Первый, после трех лет, чужой голос! Сердце бьется так сильно, что того
и гляди разорвется.
Залезаю на скалу и кричу изо всех сил. Этот неизвестный голос среди
ледяной пустыни прозвучал для меня, как голос самой жизни, как приветствие
далеких земель, может быть, даже родины.
Вскоре я слышу другой голос, потом среди белых ледяных вершин вижу
черную фигуру. Потом еще одну черную фигуру... Человека. Человек!..
Уж не Джонсон ли это или один из его спутников? А может,
соотечественник? Идем навстречу друг другу. Махаю шапкой. Он тоже. Слышу,
как он разговаривает с собакой. Нет, не норвежец. Еще несколько шагов, и мне
кажется, что я узнаю начальника иностранной экспедиции, с которым уже
встречался однажды, до нашего отплытия.
Я приветствую его, и мы жмем друг другу руки.
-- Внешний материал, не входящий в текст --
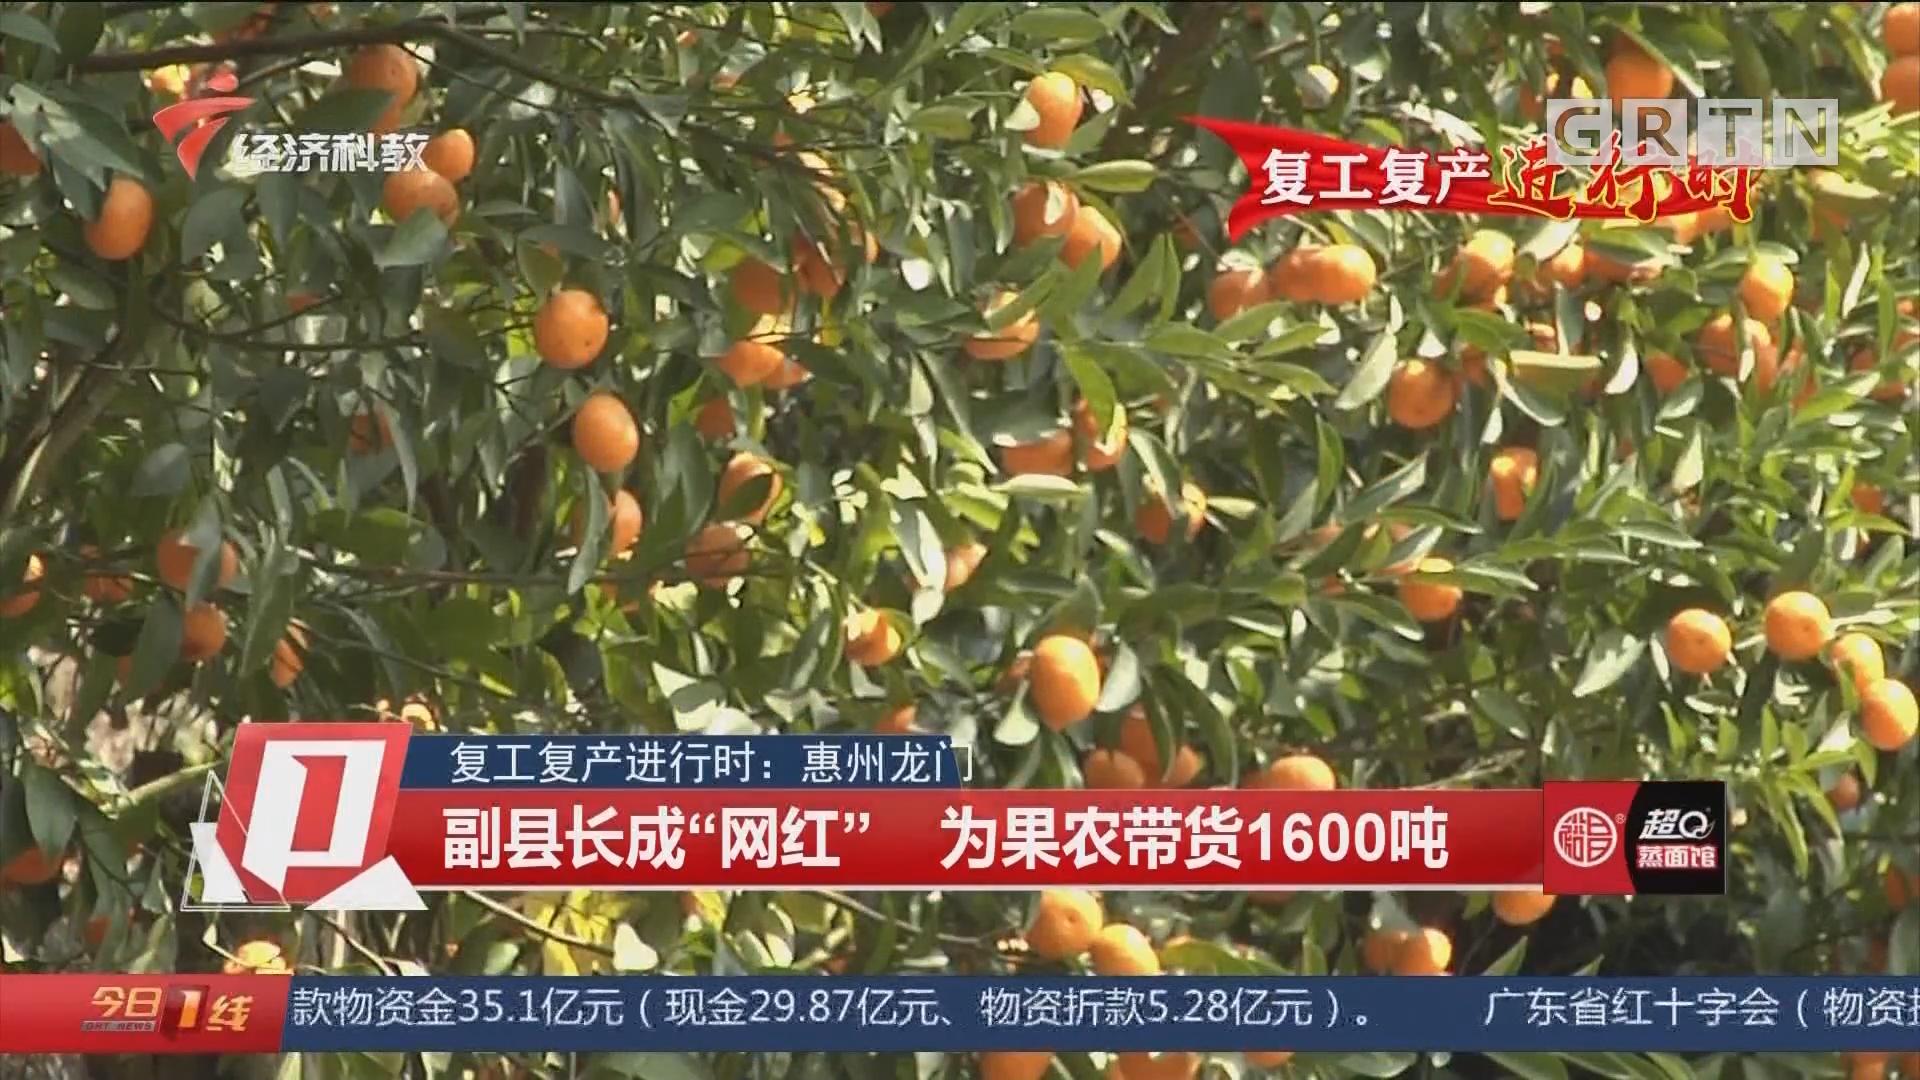 """复工复产进行时:惠州龙门 副县长成""""网红"""" 为果农带货1600吨"""

Над нами полог тумана, под ногами -- шершавый, неровный лед. Вокруг
тонкая полоска суши, сплошь покрытой льдом и снегом. Идем рядом: щеголеватый
исследователь, который, видно, не отваживался заходить в глубь полной
опасностей полярной пустыни, лощеный господин в высоких резиновых сапогах,
распространяющий вокруг очень приятный запах мыла, к которому весьма
чувствительно острое обоняние такого примитивного человека, как я, и дикарь
в отрепьях, с длинными волосами и дремучей бородой, покрытый грязью и
копотью тюленьего жира, которым заправлена наша лампа. В таком виде сам черт
меня не узнал бы.
-- Очень счастлив вас встретить! -- говорит незнакомец.
-- Спасибо. Я тоже.
-- Ваше судно где-нибудь поблизости?
-- Нет. Оно не здесь.
-- Сколько вас?
-- Я и мой товарищ, который остался на кромке льда. Разговаривая таким
образом, мы направляемся к берегу. Вдруг не знакомец останавливается,
внимательно смотрит на меня и восклицает:
-- А вы, случайно, не Нансен?
-- Он самый.
-- Бог ты мой! Как я рад вас видеть!
Дружески улыбаясь, он горячо жмет мне руки, потом спрашивает:
-- Откуда вы?
-- На 84А северной широты, после двухлетнего плавания, я и мой товарищ
покинули наше судно "Фрам" на волю ветра и течения и достигли 86А13'. Оттуда
мы добрались до Земли Франца-Иосифа, где и зимовали. А теперь направляемся к
Шпицбергену...
-- Рад слышать о вашей удаче. Вы совершили блестящее путешествие, и я в
восторге, что на мою долю выпало счастье первым поздравить вас!
Иностранец снова пожимает мне руку. В теплоте этого рукопожатия я
ощущаю нечто большее, чем простую вежливость. Он предлагает нам
гостеприимство в своем лагере и сообщает мне, что они со дня на день ожидают
судно с провизией для экспедиции. Как только приходит мой черед говорить, я
спрашиваю его о моей семье и узнаю, что когда, два года тому назад, он
отправлялся в плавание, жена моя и дочь были совершенно здоровы. Потом
спрашиваю о Норвегии, моей дорогой родине...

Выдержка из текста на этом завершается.